Another complementary prediction is a rise in brands putting in place user-level control of marketing, a move that will reduce customer churn by 40 per cent and increase lifetime value by 25 per cent in 2023.

Gartner also expects autonomous marketing systems will issue 55 per cent of multi-channel marketing messages based on marketer criteria and real-time consumer behaviour by 2023, resulting in a 25 per cent increase in response rates. Automation is clearly driving this trend.

Over the next four years, content creators are also expected to produce more than 30 per cent of their digital content with the aid of AI content-generation techniques, increasing productivity and advertising effectiveness but also disrupting the creative process itself.

Another trend for Gartner is that consumers will watch 20 per cent fewer minutes of video advertising per day by 2023 compared to today, leading to brands embracing short-form video ads.
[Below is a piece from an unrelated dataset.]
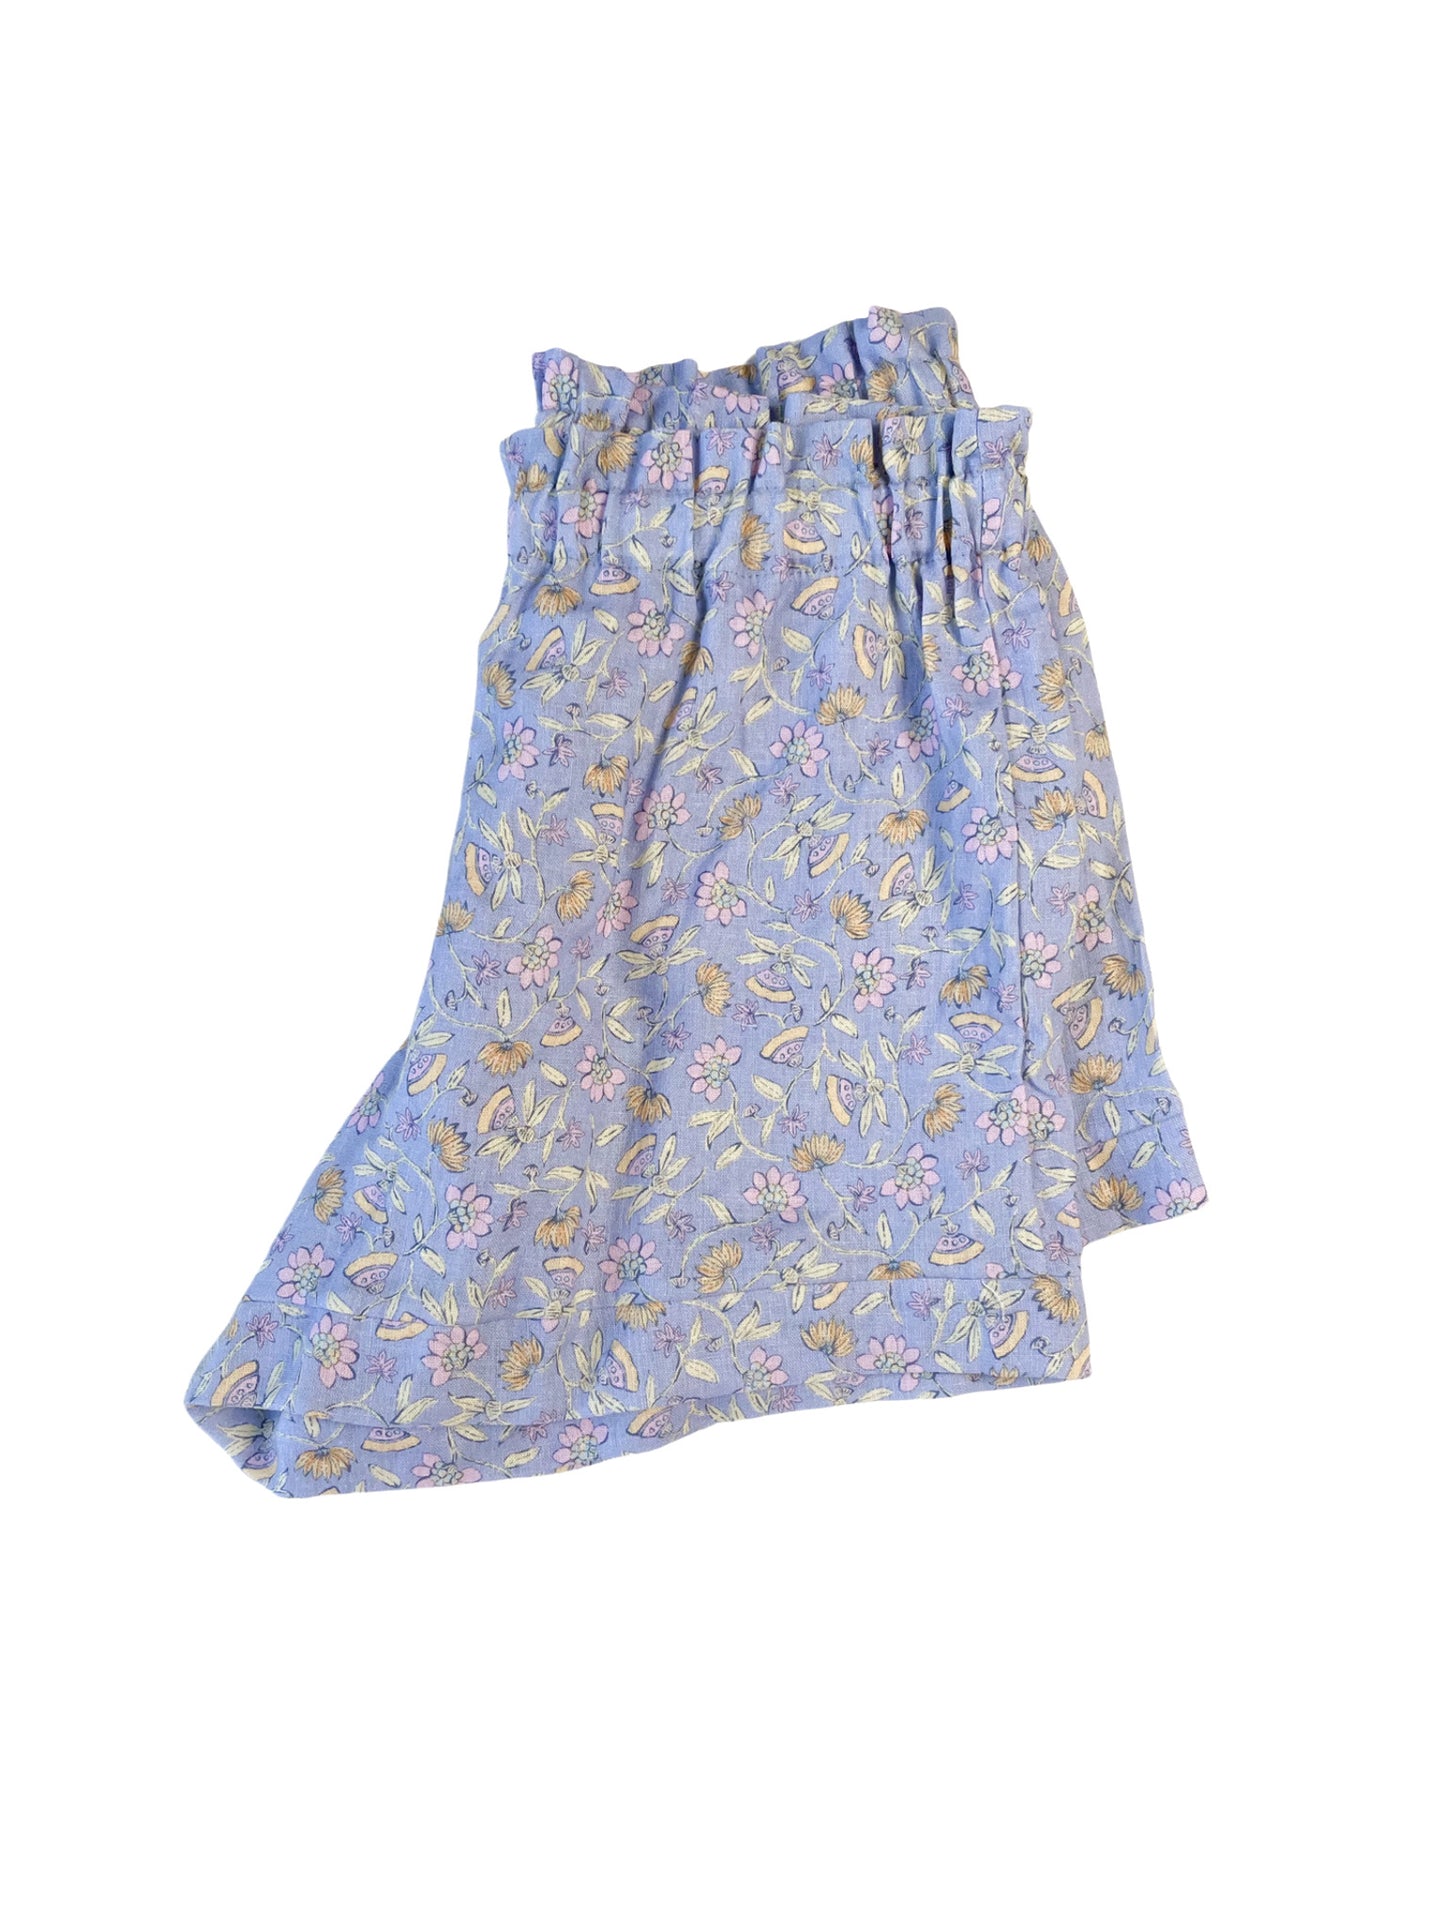 Linen ruffle shorts / floral blue
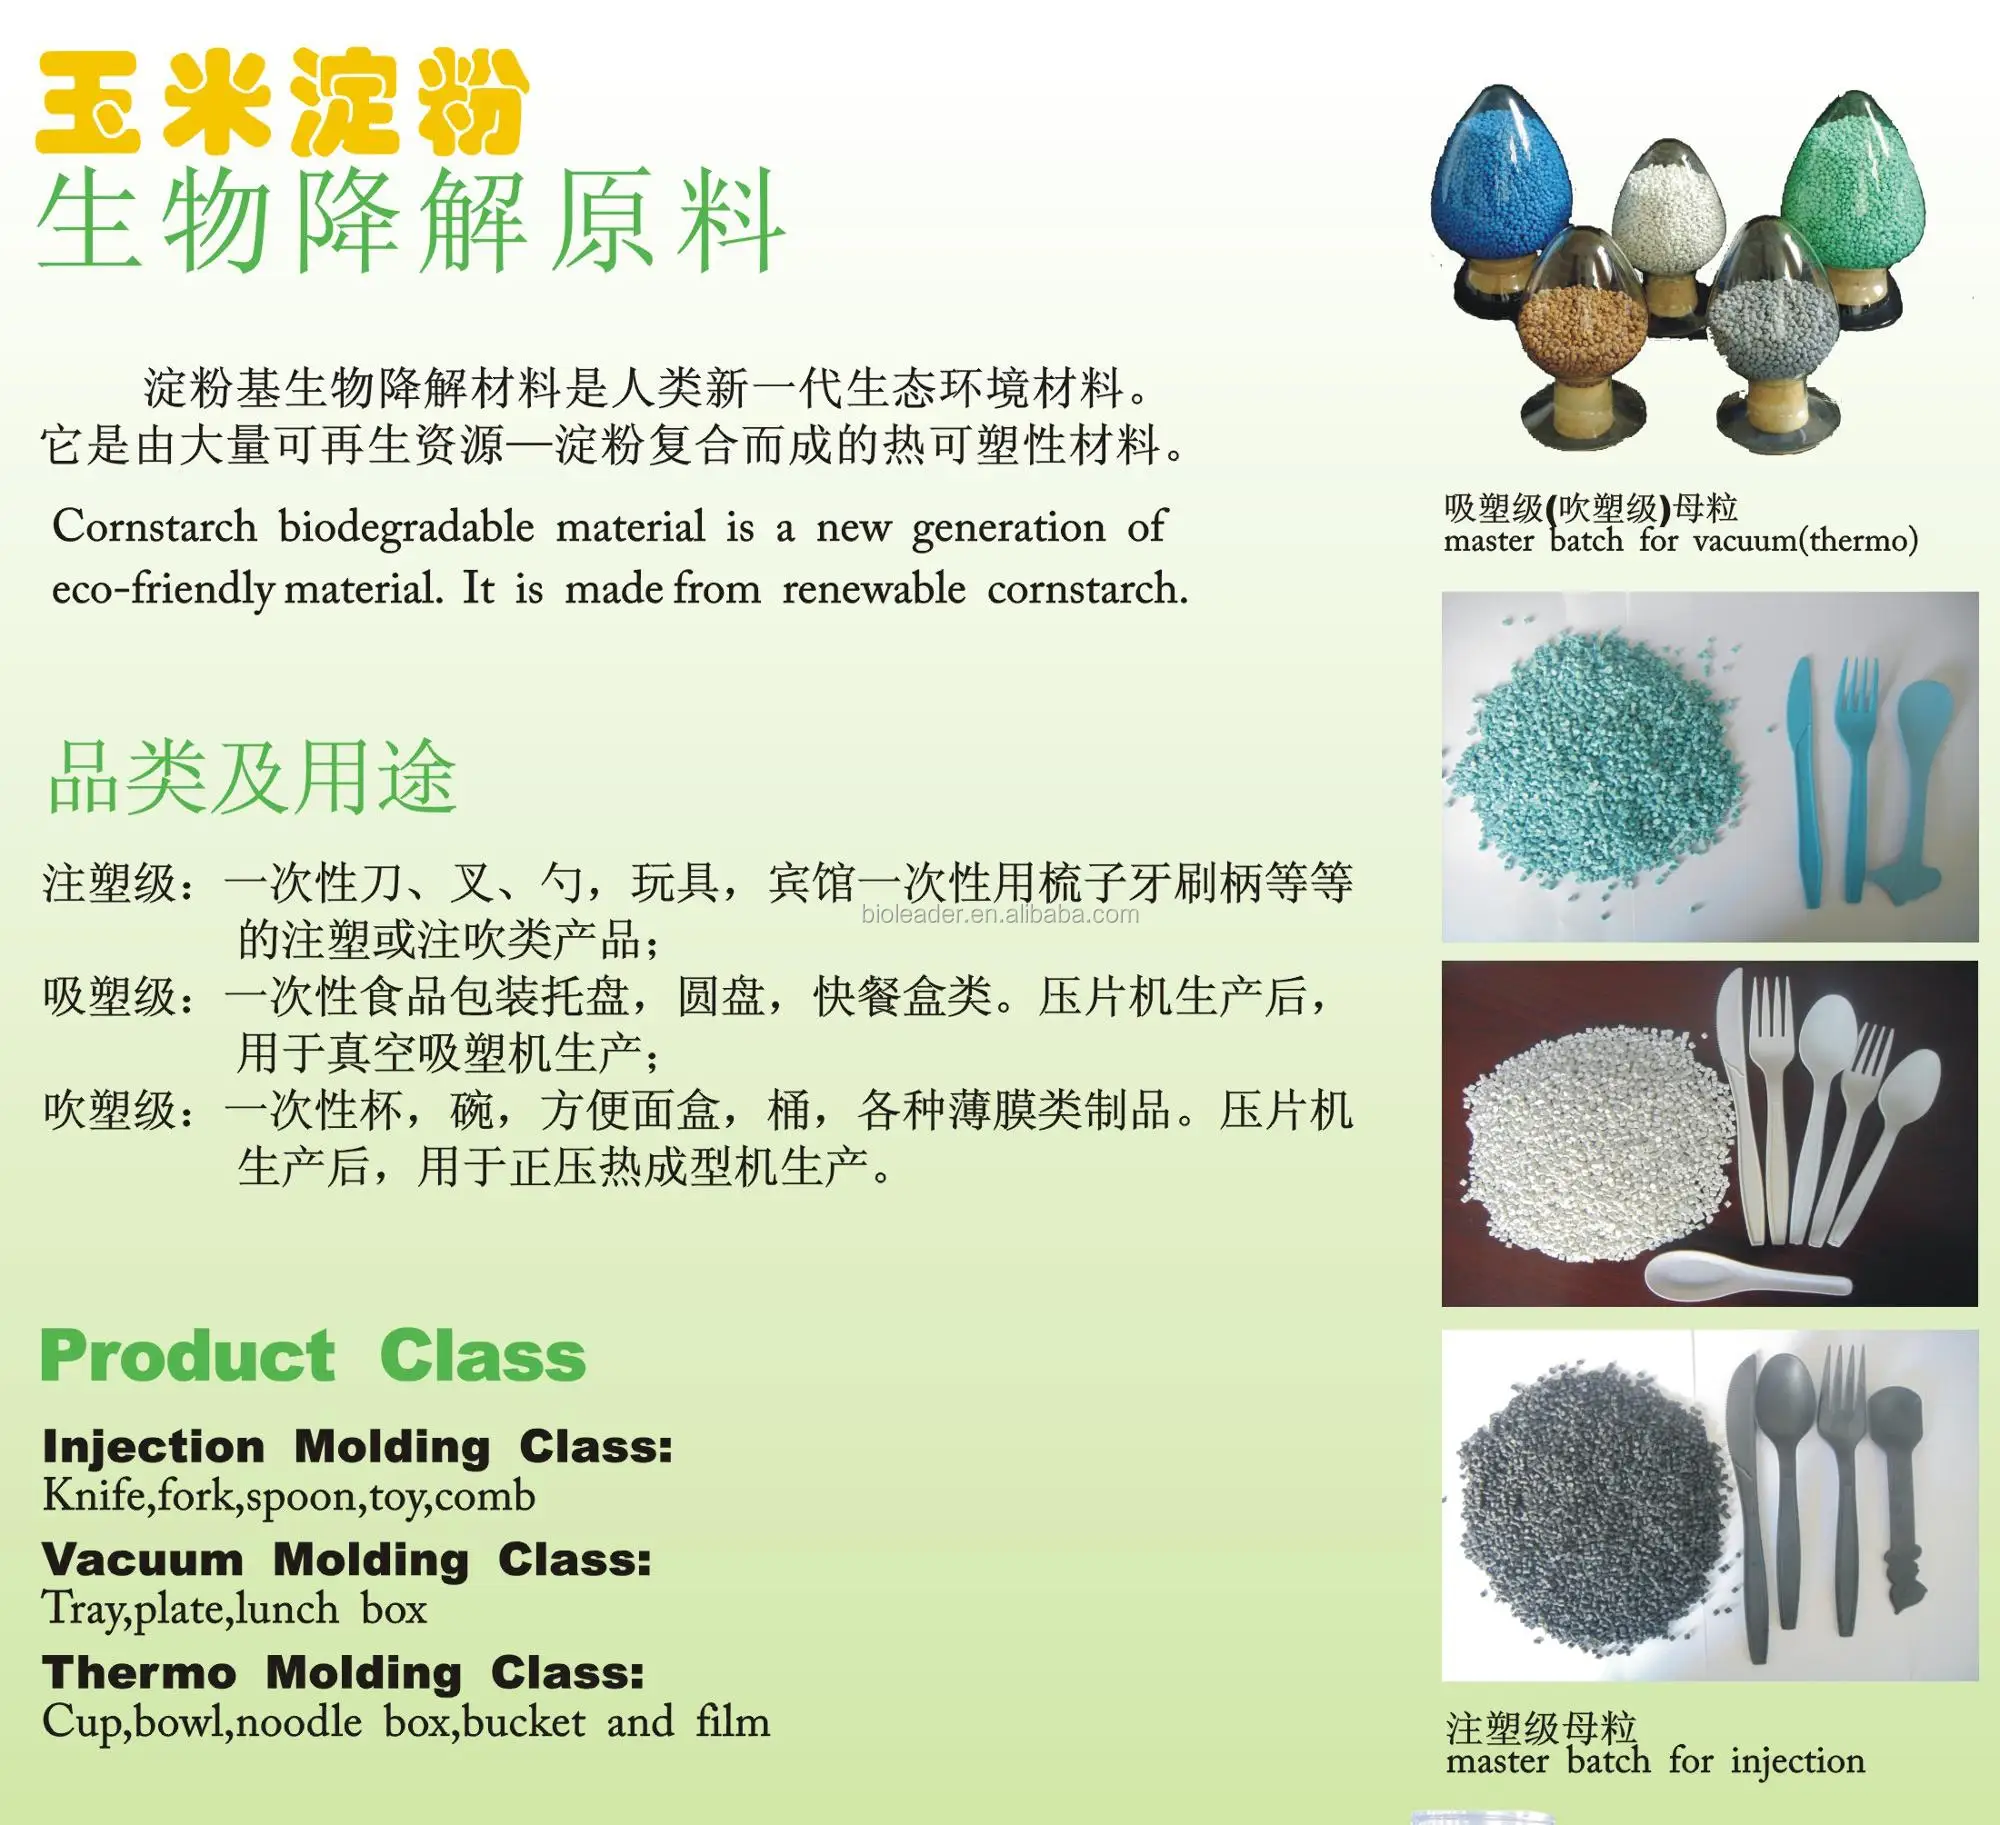 6 7 8 9 10 inch Wholesale Biodegradable Disposable Cornstarch Plastic Round Plates

To reach this top six, Gartner said it weighed up four key forces. The first was behaviour changes thanks largely to the rise of voice interfaces and their utilisation of personal data. Concerns about how information is used, however, and where it’s stored, continue to rise, again impacting behaviour. The firm noted 44 per cent of consumers would be more willing to use a virtual personal assistant app if they knew all their personal data would only remain on the device.

Another big force is regulatory pressure, something that’s again tied to consumer data. The debut of the General Data Protection Regulation (GDPR) in Europe in 2018 is seen by many as a catalyst for more thorough scrutiny and just the first in many regulatory changes to come.

Organisational shifts is the third big disruptive force, and Gartner said one big element is marketing leaders attempting to cope with the increasing swathes of data they’re acquiring by hiring new talent that can extract insights from it. The push to be more customer-centric is also having a significant impact, something that can be seen from the rising numbers of marketers now gaining chief customer and CX titles and responsibilities.

The fourth of its forces is disruptive automation, which has become a core functional element of most marketing departments and programs. As automation makes its way into new areas, Gartner said these changes will have a disruptive impact on what marketers do and how they do it.

“These are exciting but uncertain times for CMOs and marketing leaders,” commented Gartner senior director and analyst, Charles Golvin. “From the promise of data and analytics, to the lure of customer experience and everything inbetween, marketers have vast opportunities to set themselves apart from the competition, but equal challenges to overcome in order to do so.

“Finding the right balance to successfully leverage marketing technology and emerging trends will be critical to marketing’s success over the course of the next couple of years.”